Isso acontece de forma até óbvia, na realidade, quando, em certo momento da narrativa, o moralismo do roteiro grita quando o uso de drogas se resume a uma prática ruim, destrutiva e nociva, enquanto o mundo à nossa volta tenta progredir rumo à legalização. Ambos os personagens, a seu modo, escondem-se do mundo – um, no porão; a outra, na heroína – e nenhuma das duas formas é melhor ou pior do que a outra, mas ambas são nocivas, o que poderia ser melhor explorado no tratamento de Bertolucci.

E ambos entram em contato com um mundo, até certo ponto, desconhecido: enquanto Lorenzo aprende a ampliar seus horizontes ao ter de “cuidar” da meia-irmã em seu período de abstinência (“transformação” que, na verdade, o diretor nem é habilidoso em conduzir, já que se “resolve” em diálogos expositivos), Olívia aprende a reconhecer uma parte de si mesma que julgava esquecida – a inocência. Mesmo que, ao final, Bertolucci pareça nos alertar de que nem tudo que acreditamos estar resolvido, de fato está – pois finais felizes existem somente nos livros infantis -, parece-nos que tudo que assistimos não nos imprime qualquer sentimento que cative.

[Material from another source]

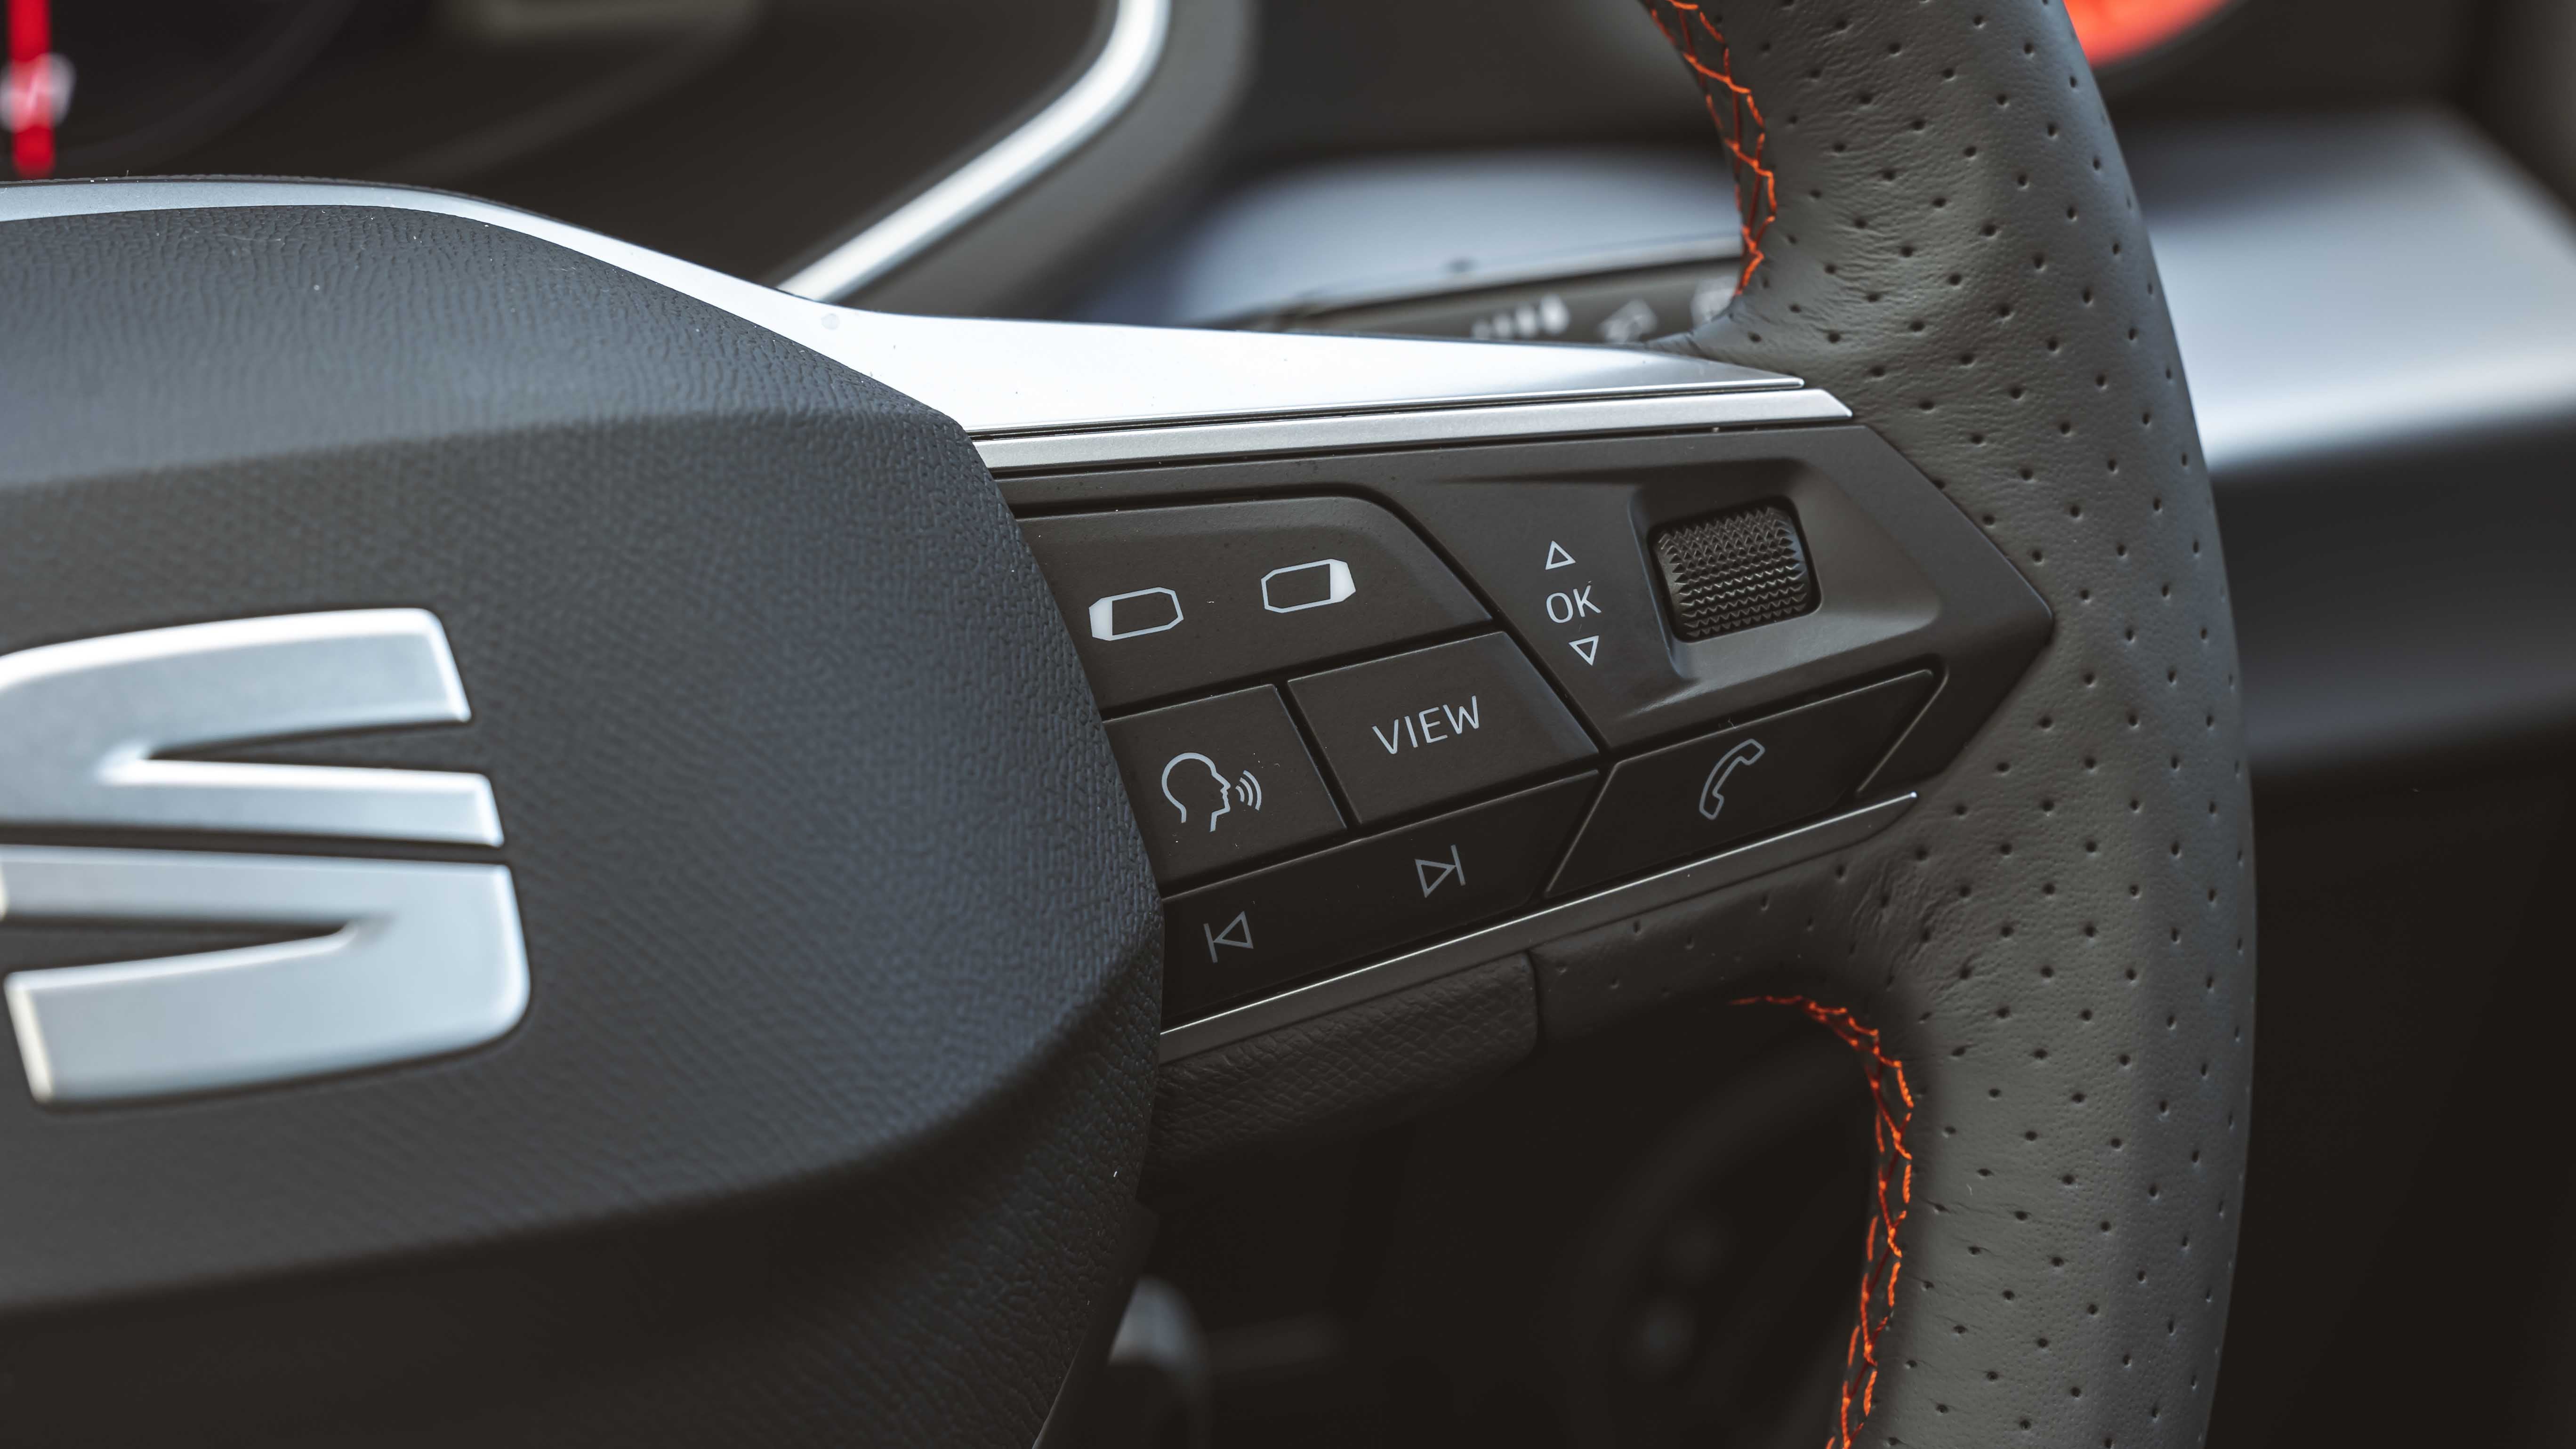 SEAT Ibiza steering wheel controls

Mesmo que o diretor fuja da estética de uma adolescência “limpa”, dos rostos bonitos e perfeitos que o cinema pasteurizado tenta nos empurrar, tudo ainda é tratado de forma tão superficial que nem diverte, nem emociona, ficando restrito a um incômodo “nada” que só faz aumentar a sensação de perda de tempo. Infelizmente, o que poderia ser um retrato de uma solidão deliberada que, hoje, acontece das mais variadas formas, termina se tornando num conto moralista, previsível e repetitivo de uma adolescência que existe somente na mente do septuagenário Bertolucci.